Secondly, having free time to contribute to open source projects is a privilege. There are flow-on negative effects to this. For instance, being an open source contributor is often used alongside a resume for STEM job applicants, creating a built-in bias for those who have the privilege of time. This lack of diversity has a knock-on effect, meaning that the diversity of those employed within the STEM industry becomes very narrow. Having tech production driven by a narrow demographic of developers means that often the final product is less relevant, more difficult to use, and can include built-in biases.
Further, open source software tends not to be ready to use ‘out of the box’, it needs to be integrated into a composite product to be useful. As big organisations have the resources to do this, open source software can easily be seen as normalising free labor for these organisations. Individuals tend to have limited time, and so are less able to take advantage of the potentials of open source projects.
Unfortunately, there are no ethical controls. It is entirely probable that an enthusiastic researcher in computer vision techniques could implement a noise reduction algorithm in OpenCV, (i.e. making cameras see better in the dark) advancing the state of image processing science, with nothing stopping that same algorithm from being used to enhance the performance of state surveillance or military applications (i.e. enabling drones to identify more targets in challenging lighting, or surveillance cameras to identify facial characteristics with more precision).
Would it really be a stretch to build upon the techniques demonstrated in one researchers’ OpenCV tutorial on “developing a system to automatically detect targets from a quadcopter video recording” into a rushed military project?5 Especially given that the Pentagon views open source code as “secure, reliable and effective”6. Another branch of the US Government, the Immigration and Customs Enforcement agency (ICE), has used open source software for its operations. Although, recently, ICE was denied renewal of a licensing contract in a rare instance of a contributor’s representative taking control of the ethical applications of their work.7
Conversely, there is nothing stopping a large organisation from contributing back to the open source community. For instance, Google has released much of its operating technologies to the community.

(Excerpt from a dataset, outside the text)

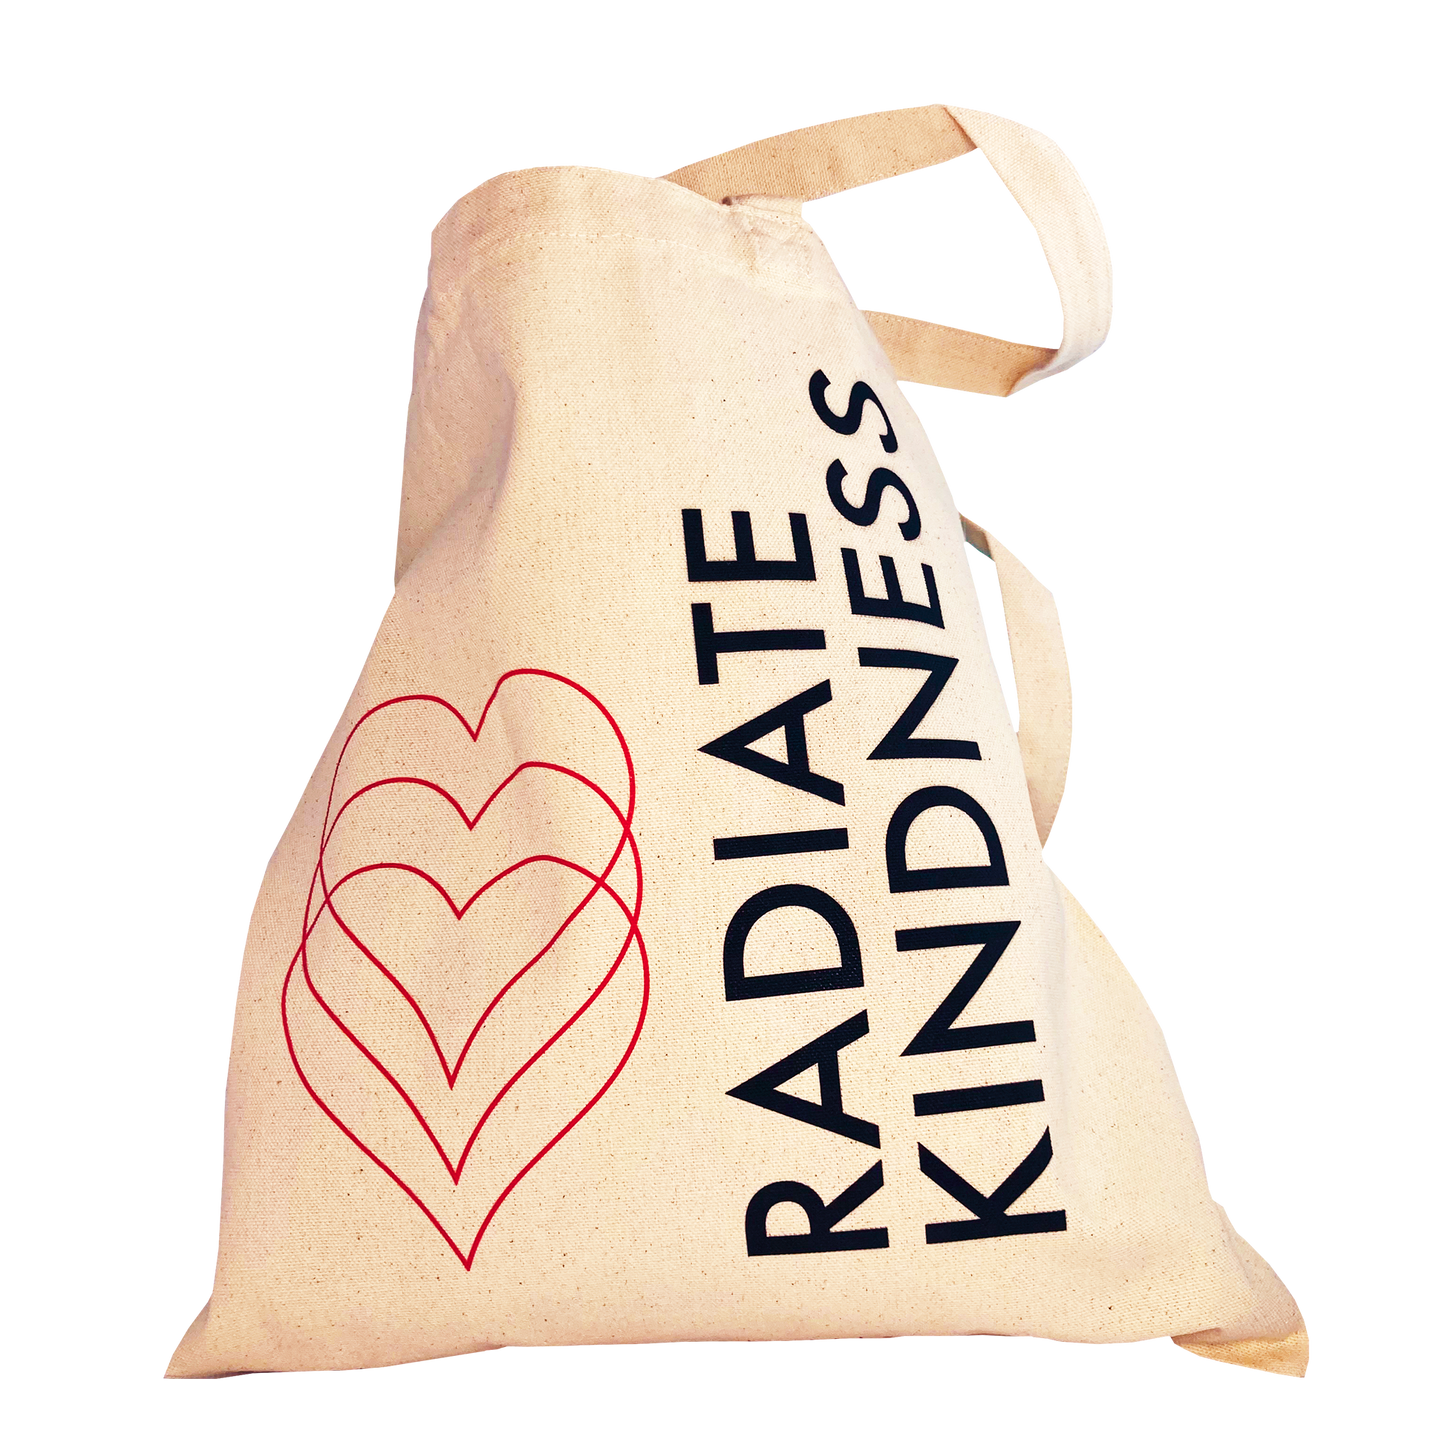 Radiate Kindness Eco Canvas Tote

Freedom of information is a good thing and the internet’s ease of sharing information has enabled the execution of massive collaborative works that were not possible before. It is important to be aware of these often opaque mechanisms of how the people behind tech work and how contributing to one project can inadvertently accelerate another. If the STEM workforce can become more welcoming to all those who want to contribute, we would have better thought out, more usable tech.
1. David Horn 2019, ‘Build a Cheap, Quick (and Powerful!) Video Streaming System’, 23 September, Digilent Blog.
2. Philip Lawrence & Jim Scanlan 2007, Planning in the Dark: Why Major Engineering Projects Fail to Achieve Key Goals, Technology Analysis & Strategic Management, 19:4, 509-525
3. Ben Werdmuller 2017, ‘Why open source software isn’t as ethical as you think it is’, 30 September, Ethical Tech Medium Blog.
4. Metaeffekt 2018, Open Source Ethics, metaeffekt.
5. Adrian Rosebrock 2015, ‘Target acquired: Finding targets in drone and quadcopter video streams using Python and OpenCV’, 4 May, pyimagesearch.
6. Kelsey Atherton 2017, ‘The Pentagon is set to make a big push toward open source software next year’, 14 November, The Verge.
7.Tajha Chappellet-Lainer 2019, ‘After protest, open source software company Ched will let ICE contract expire’, 23 September, fedscoop.